#### Data extract ####

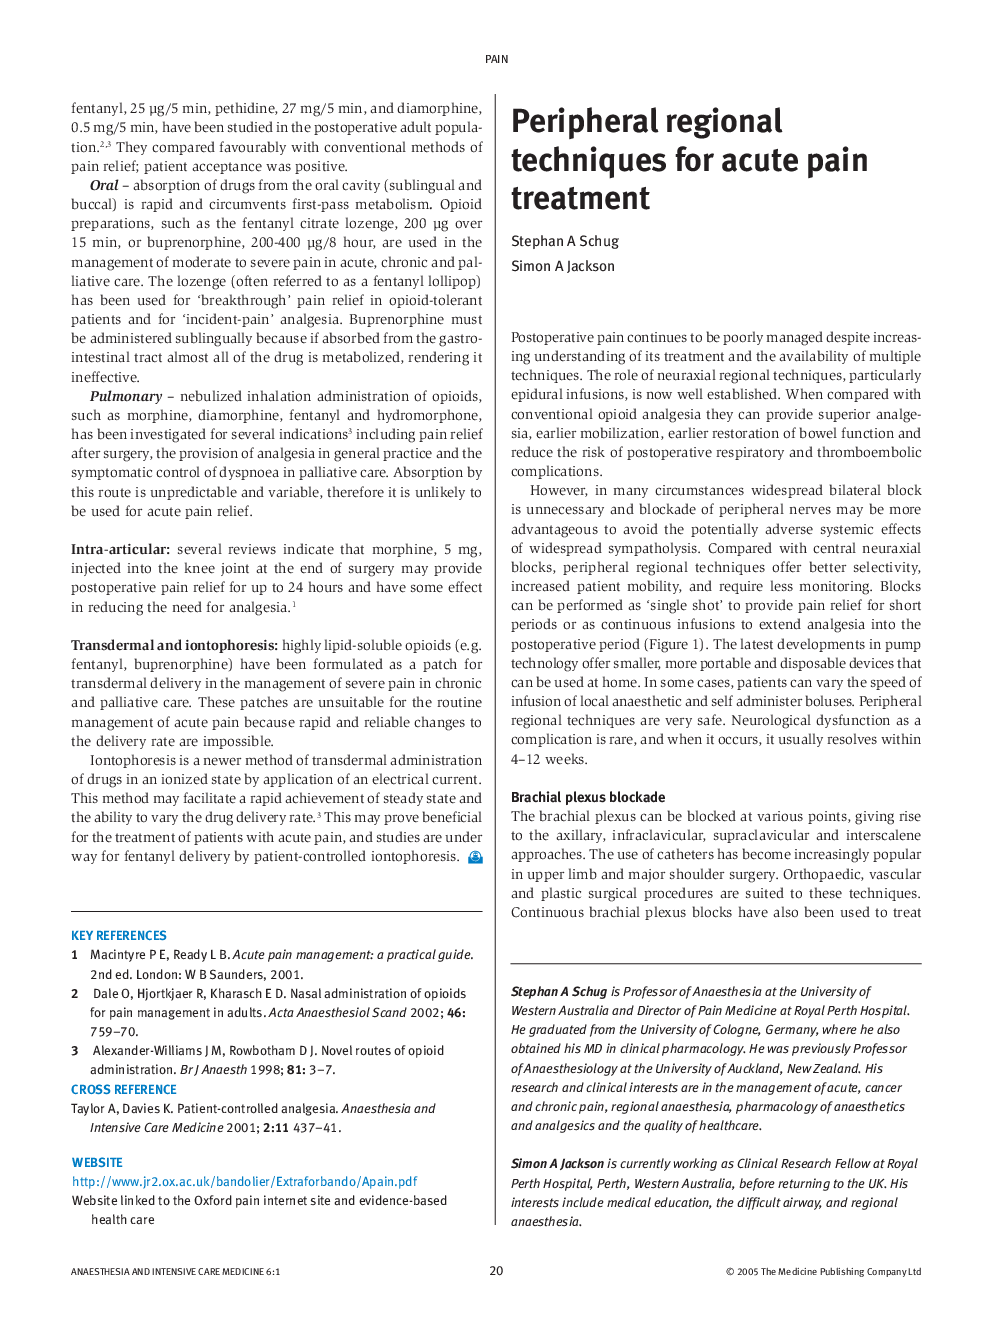 Peripheral regional techniques for acute pain treatment
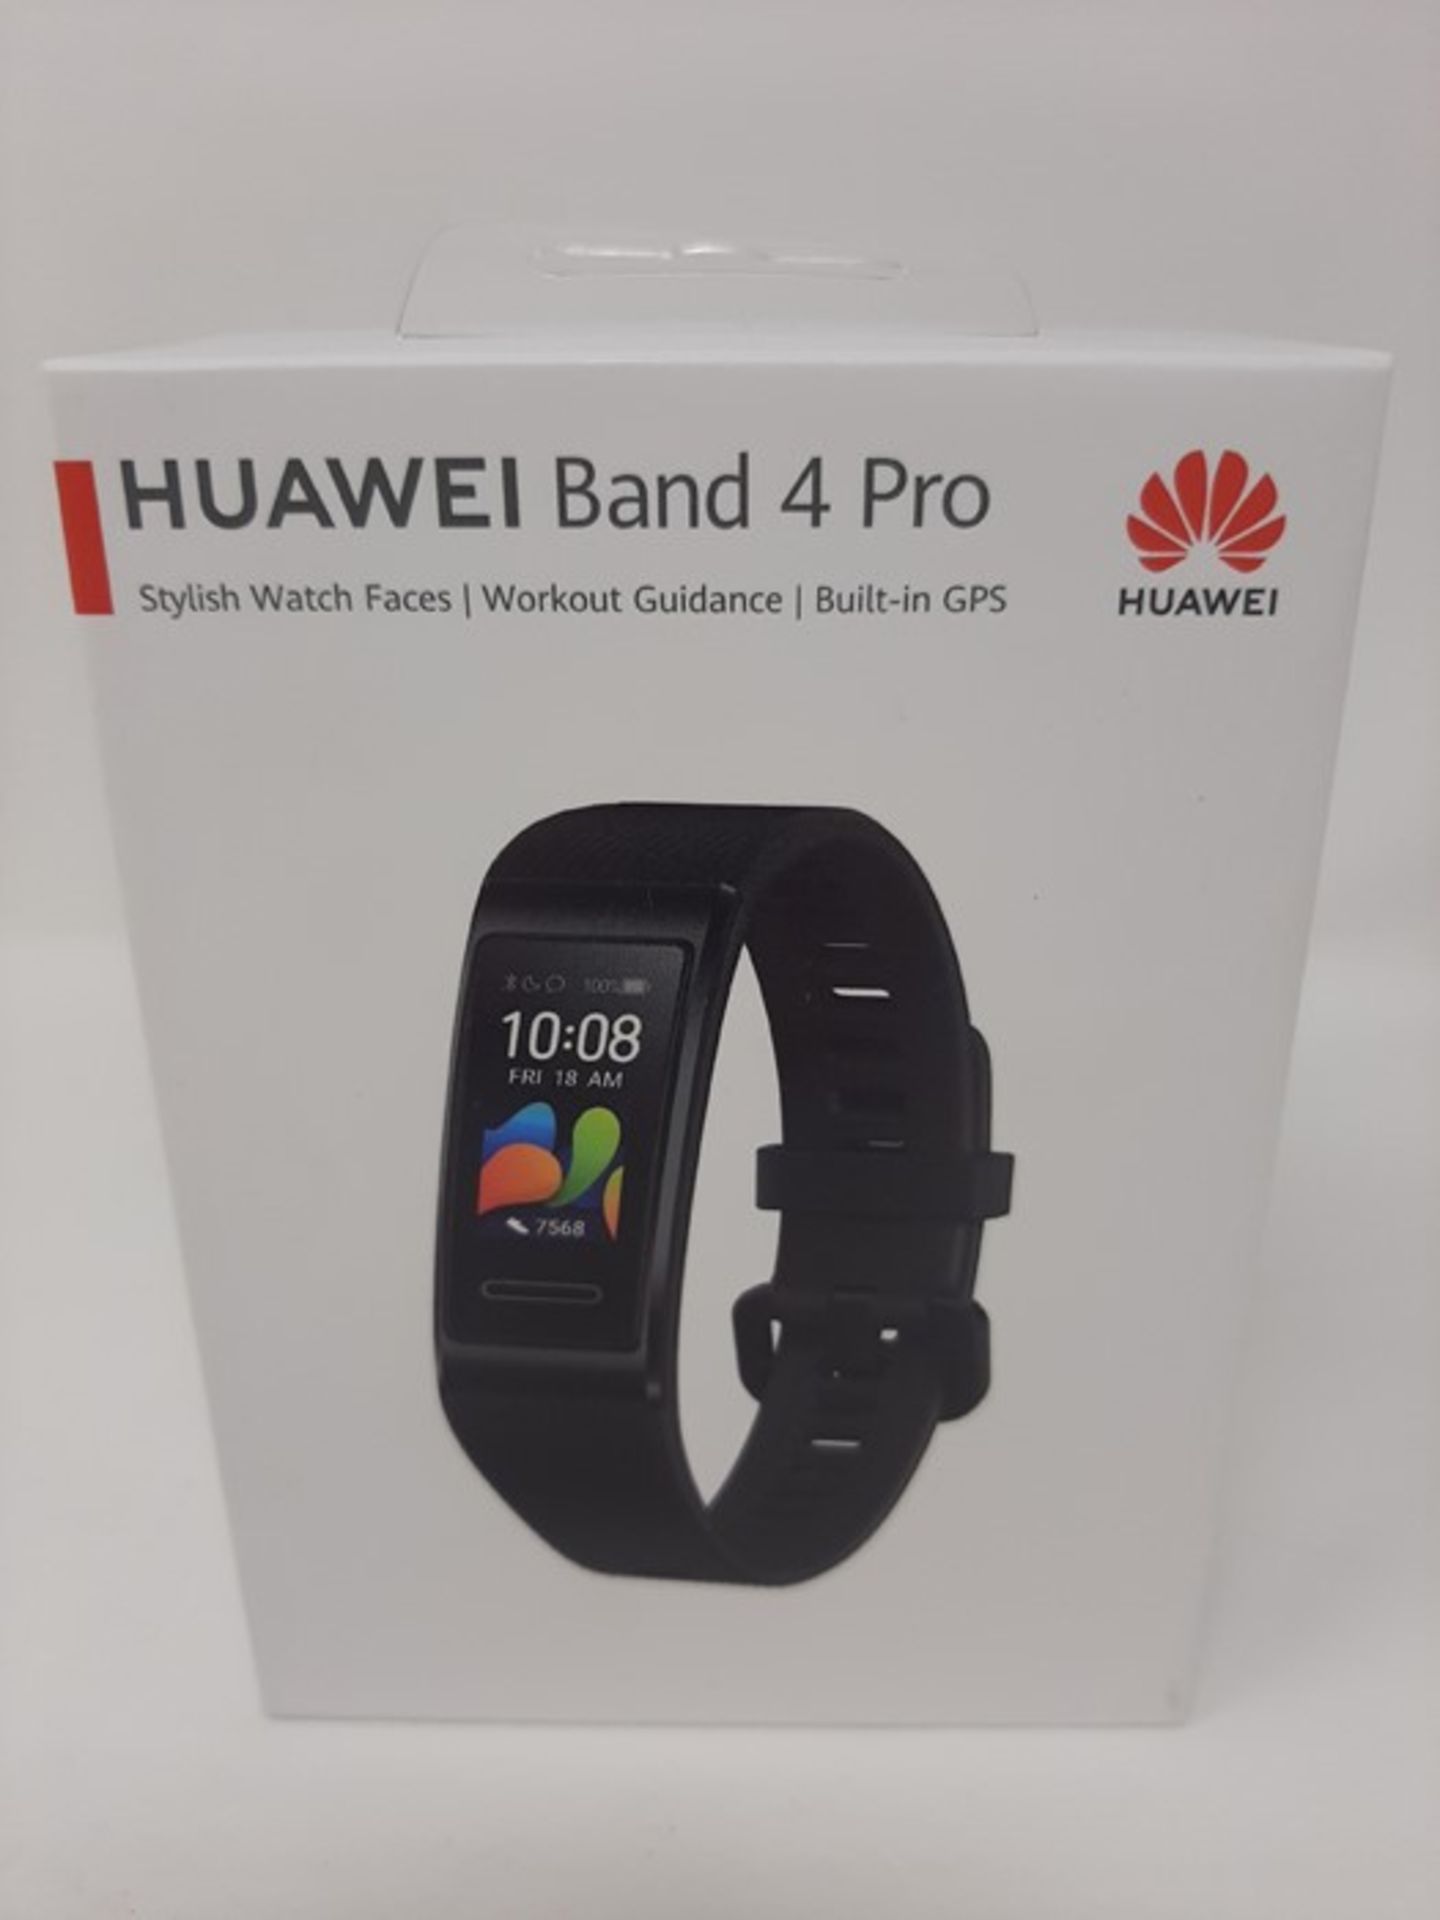 HUAWEI Band 4 Pro - Smart Band Fitness Tracker w - Image 2 of 2
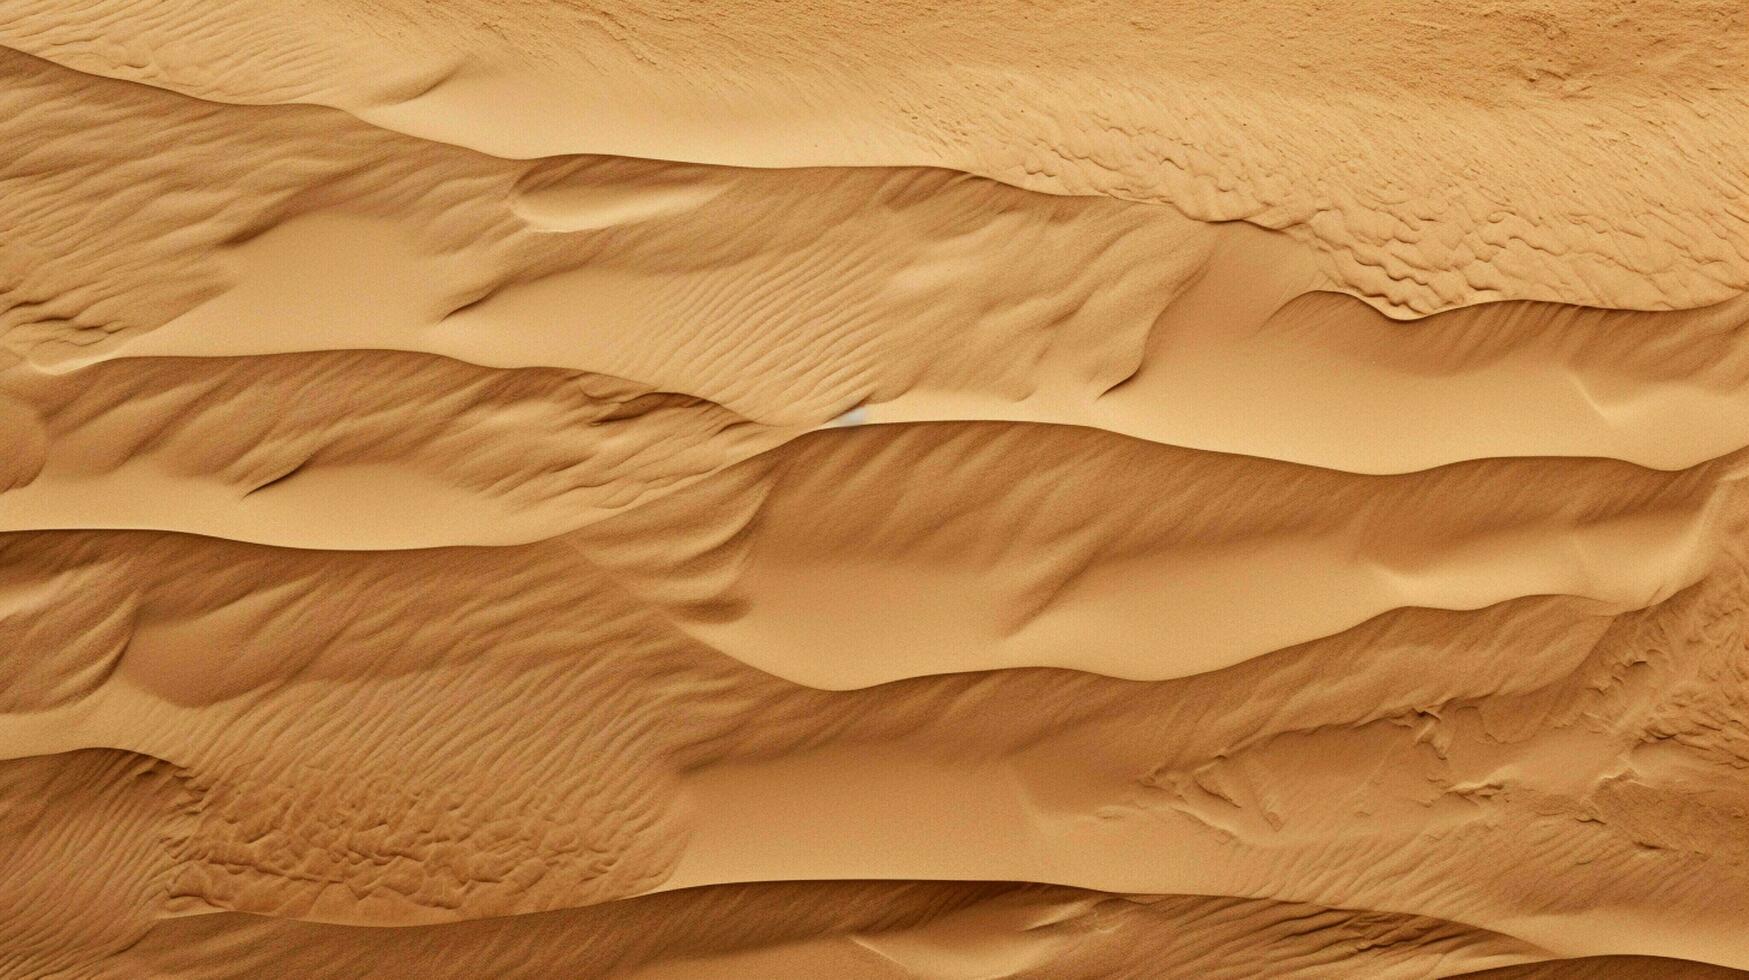 ai generato sabbia textures sfondo foto
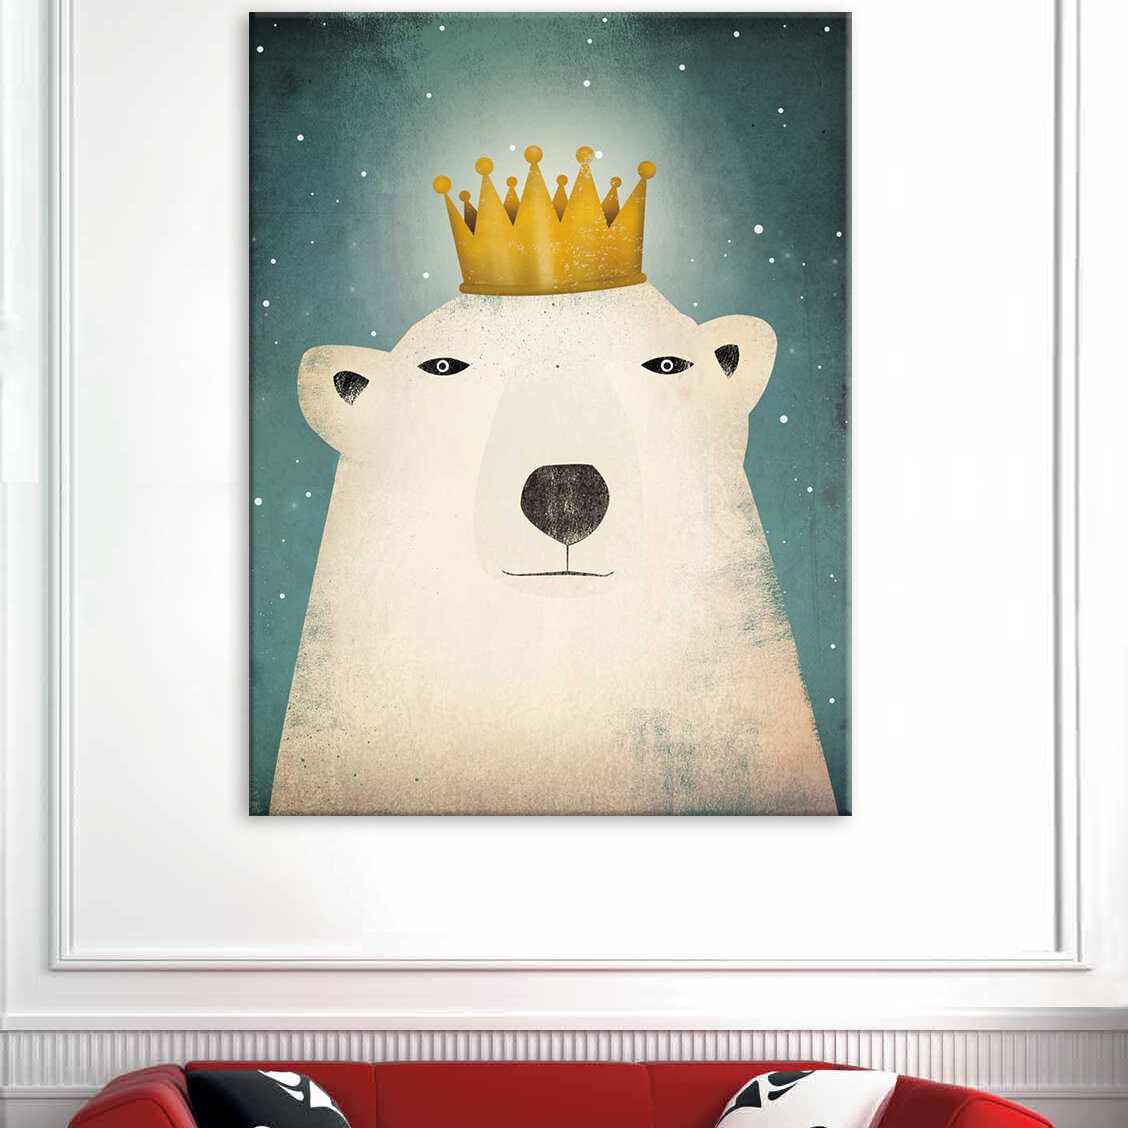 Clicart Polar King On Canvas by Ryan Fowler Print

####

- **Try it**: The result should be the listing above, restated exactly, with no pictures in it.

- **Reply to the task**:
 Peripheral regional techniques for acute pain treatment
 HUAWEI Band 4 Pro - Smart Band Fitness Tracker w - Image 2 of 2
 ai generato sabbia textures sfondo foto
 Clicart Polar King On Canvas by Ryan Fowler Print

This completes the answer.